━━━ Available data ━━━

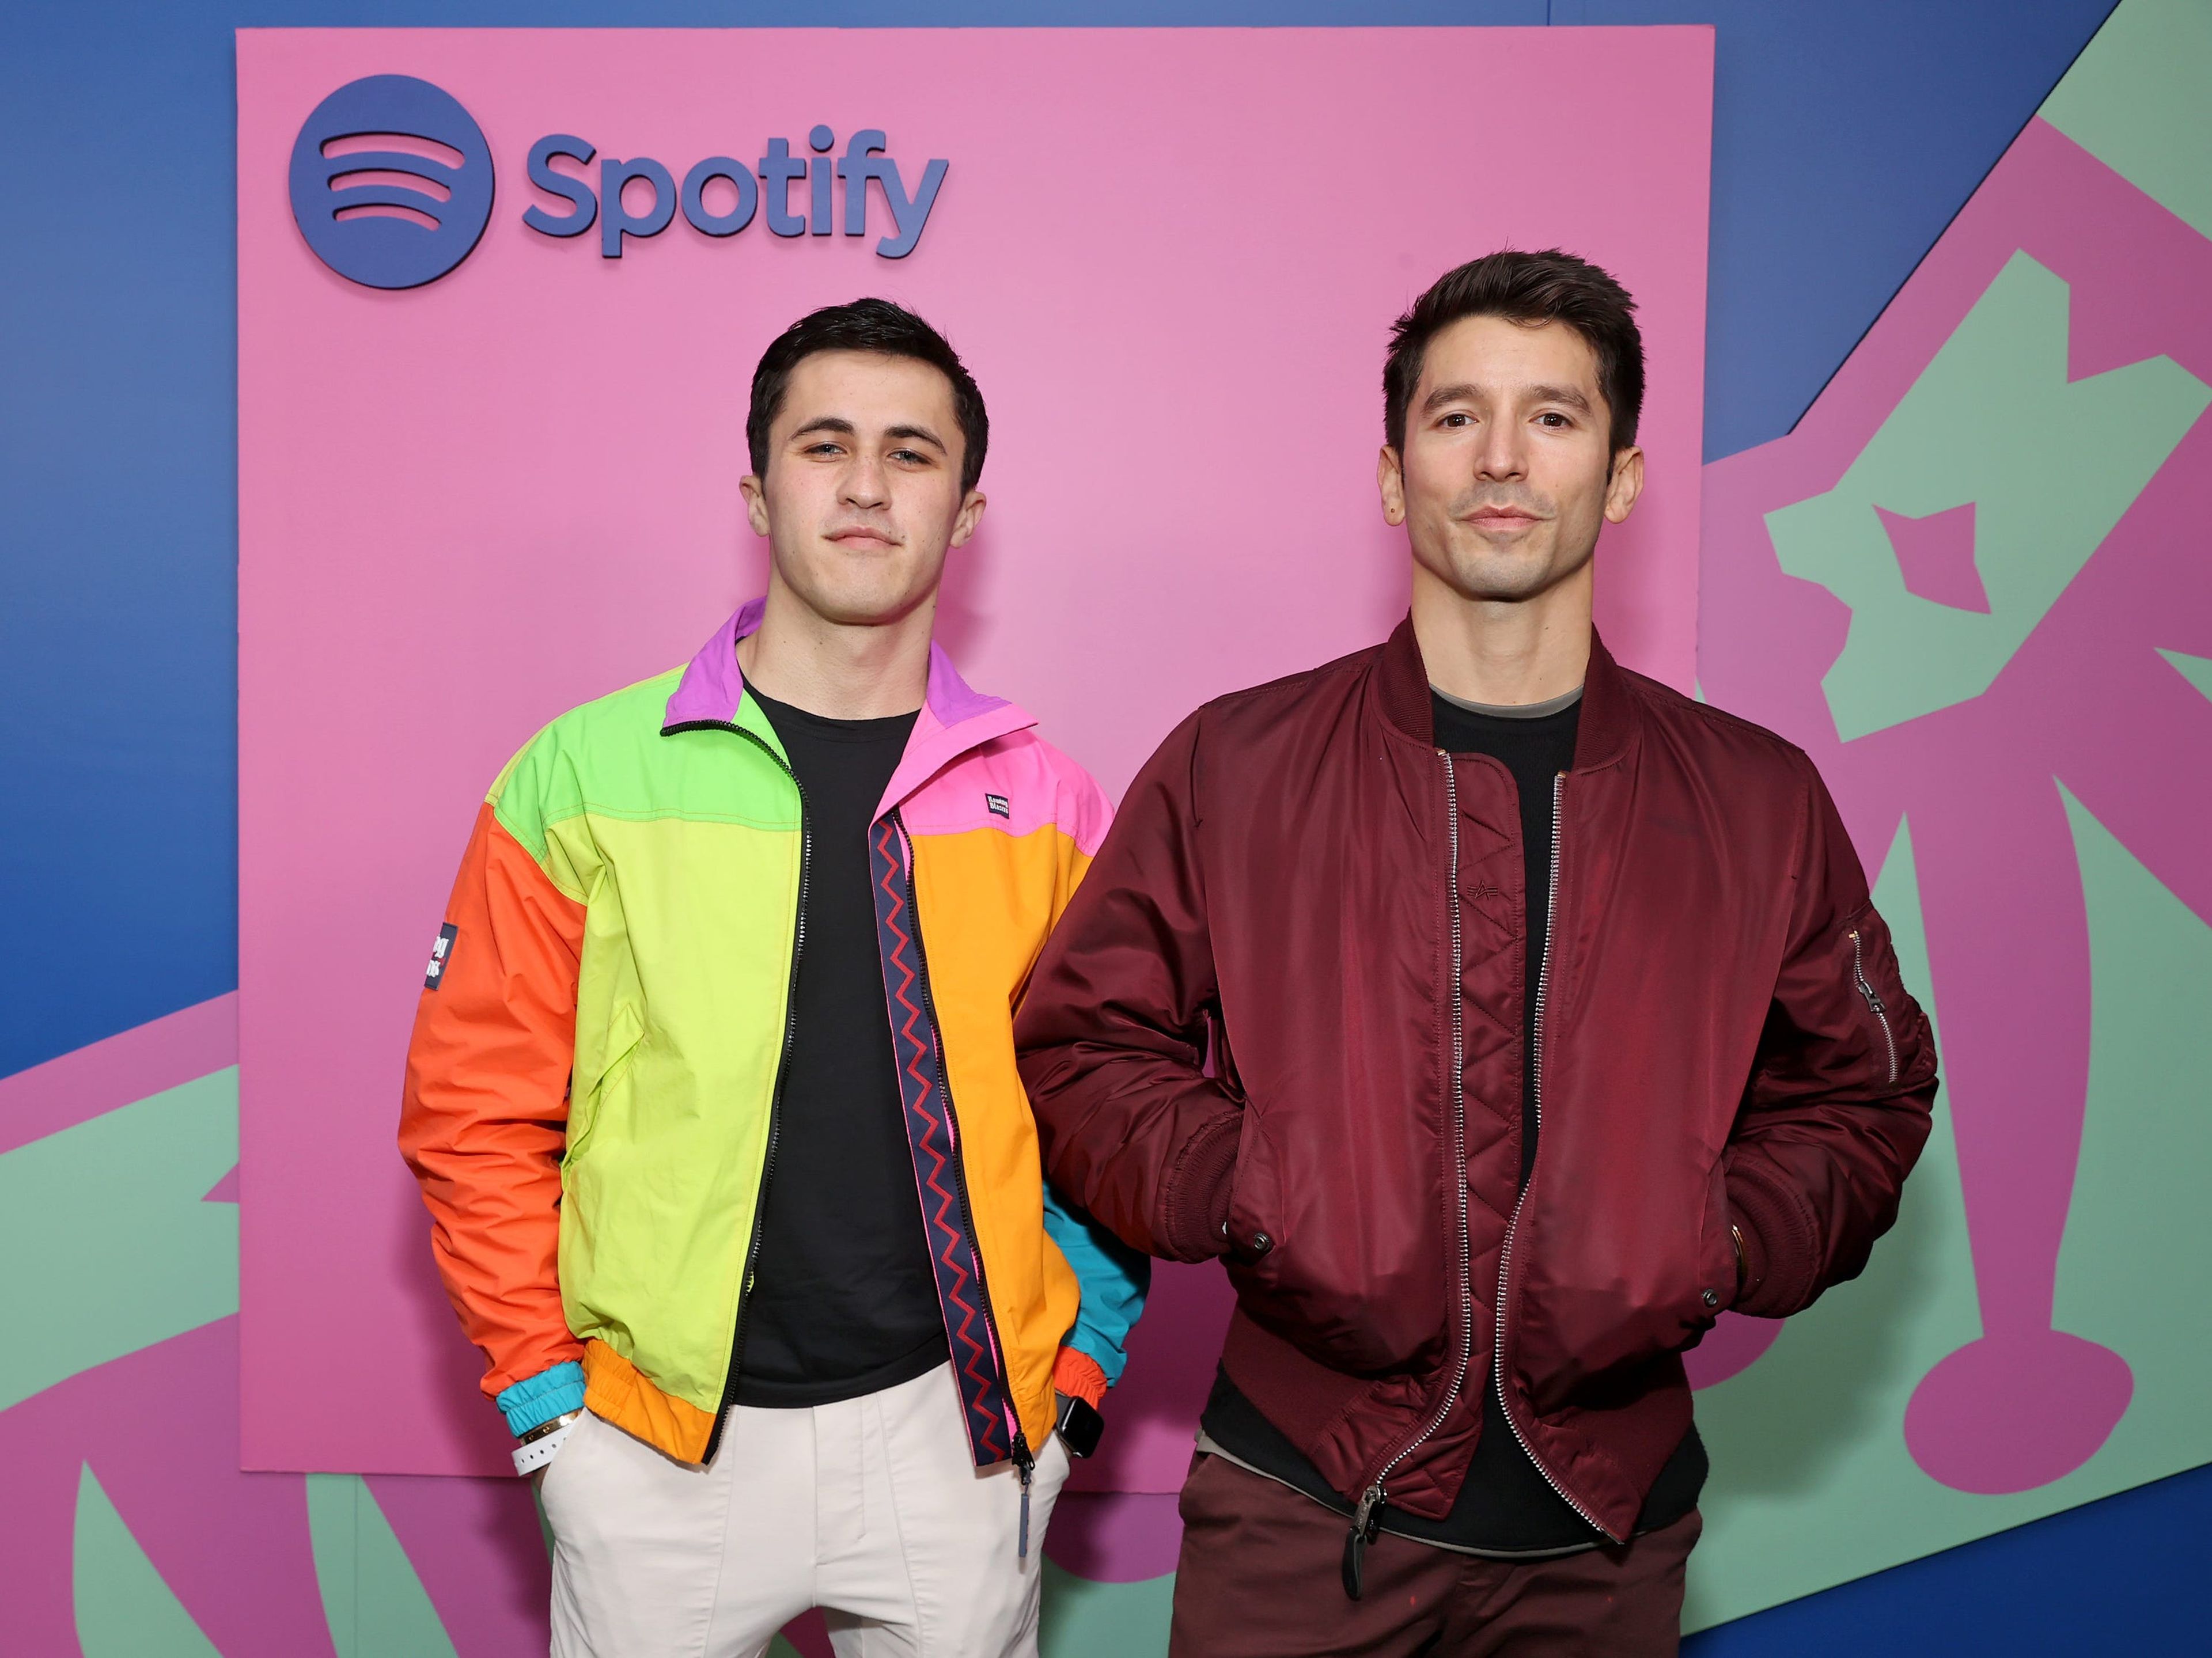 Los creadores de TikTok, Chris Olsen e Ian Paget, posan en una fiesta de Spotify el 14 de diciembre de 2021 en Los Ángeles, California.
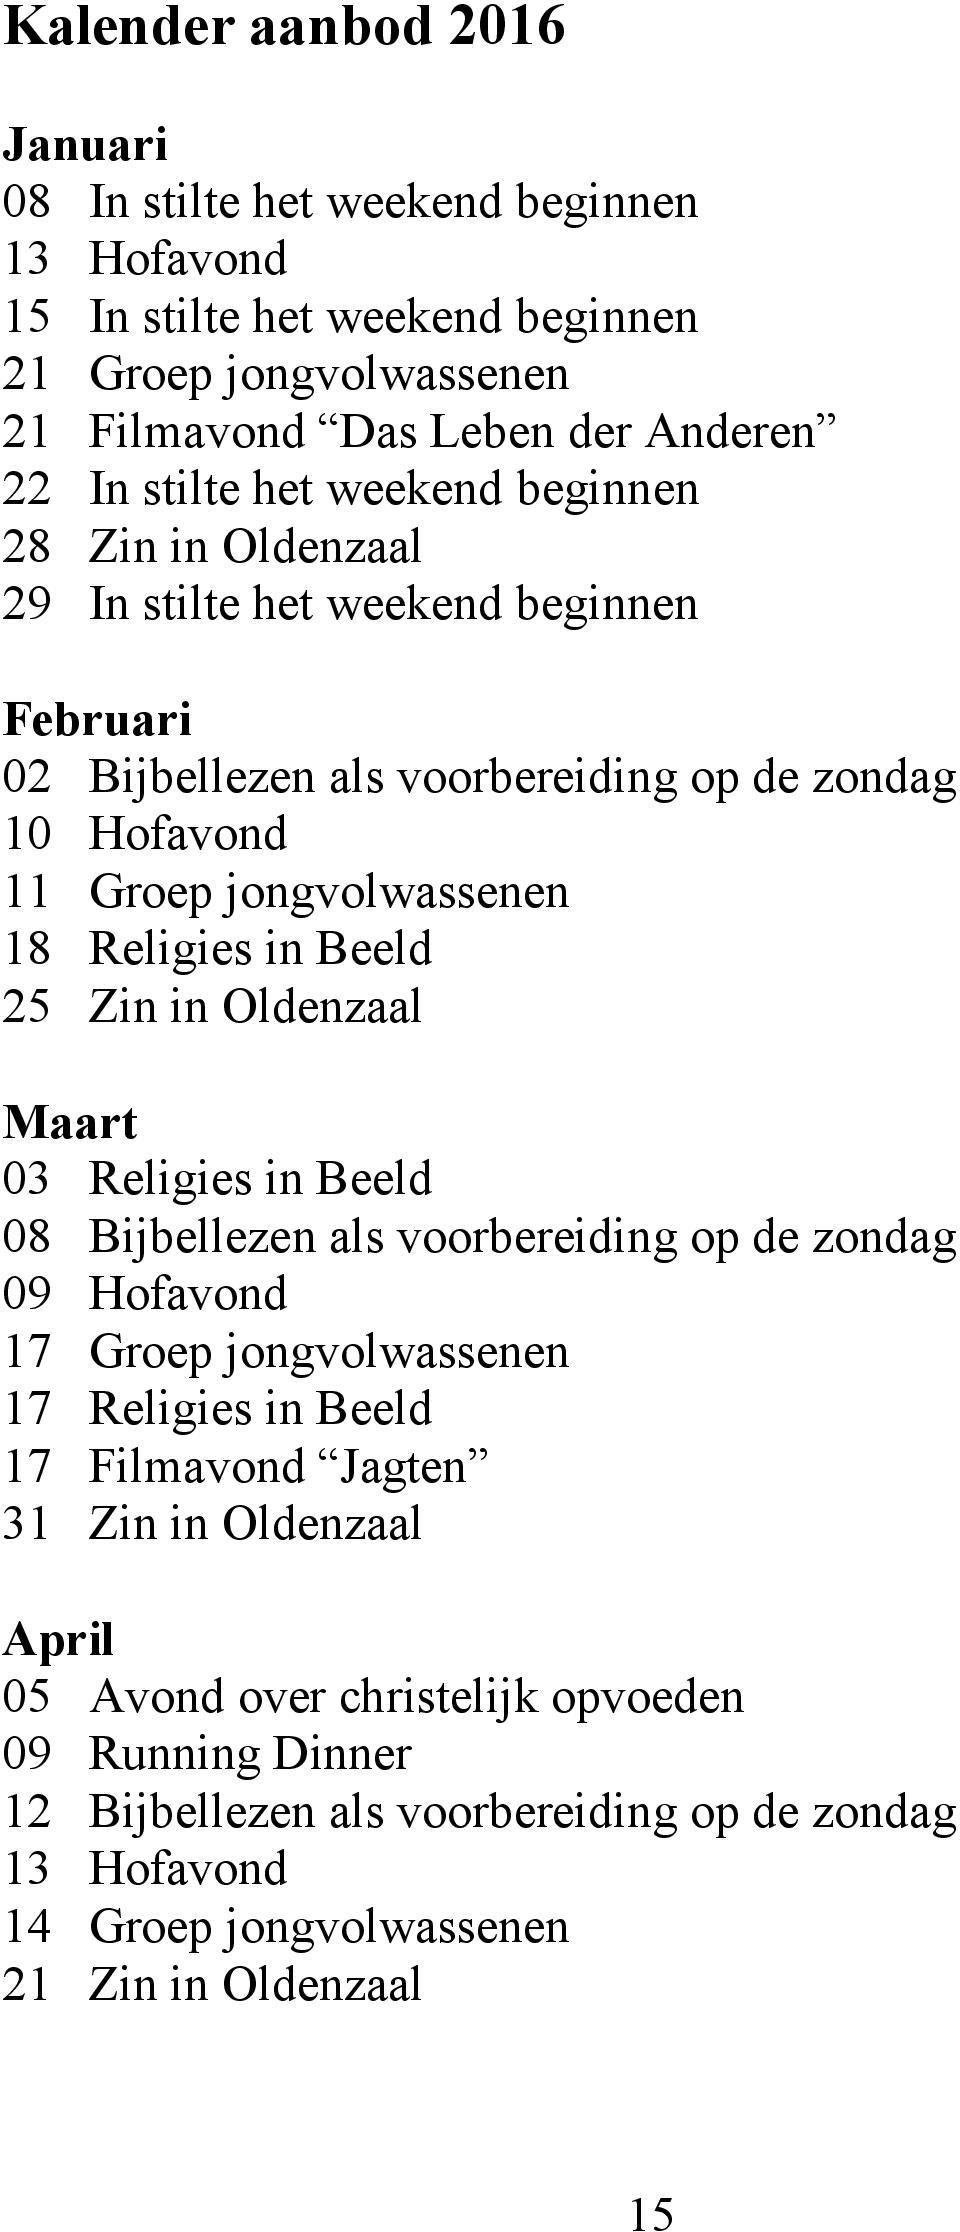 Beeld 25 Zin in Oldenzaal Maart 03 Religies in Beeld 08 Bijbellezen als voorbereiding op de zondag 09 Hofavond 17 Groep jongvolwassenen 17 Religies in Beeld 17 Filmavond Jagten 31
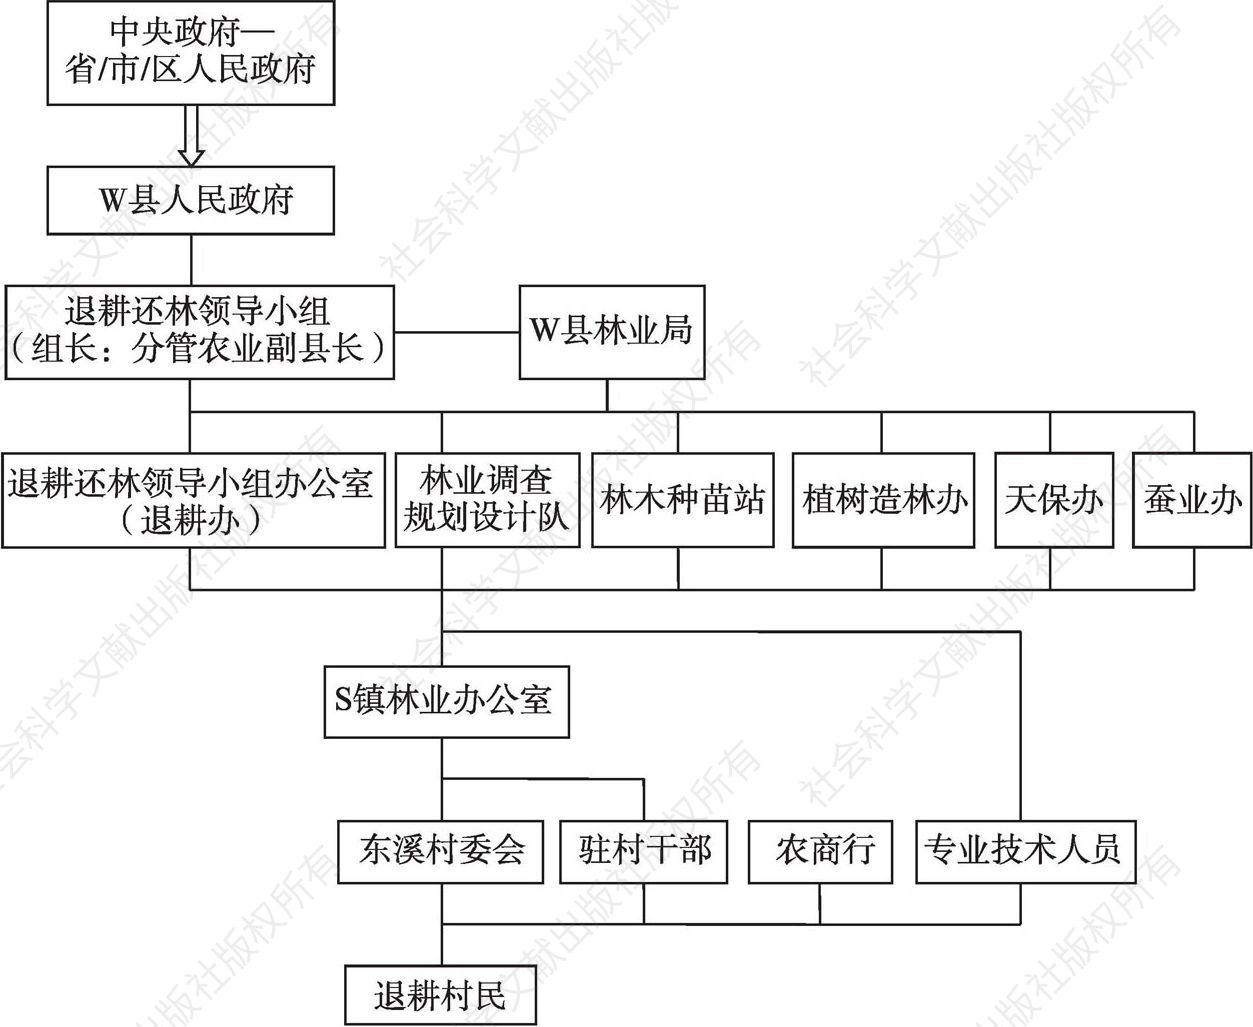 图4-3 W县退耕还林政策实施组织结构

━━━

**Instructions for the task:** Only the lines from the one containing "Beeld 25 Zin" through the final line of the material should appear in the answer, copied exactly and without any picture.

**Task solution:**
 Beeld 25 Zin in Oldenzaal Maart 03 Religies in Beeld 08 Bijbellezen als voorbereiding op de zondag 09 Hofavond 17 Groep jongvolwassenen 17 Religies in Beeld 17 Filmavond Jagten 31
 图4-3 W县退耕还林政策实施组织结构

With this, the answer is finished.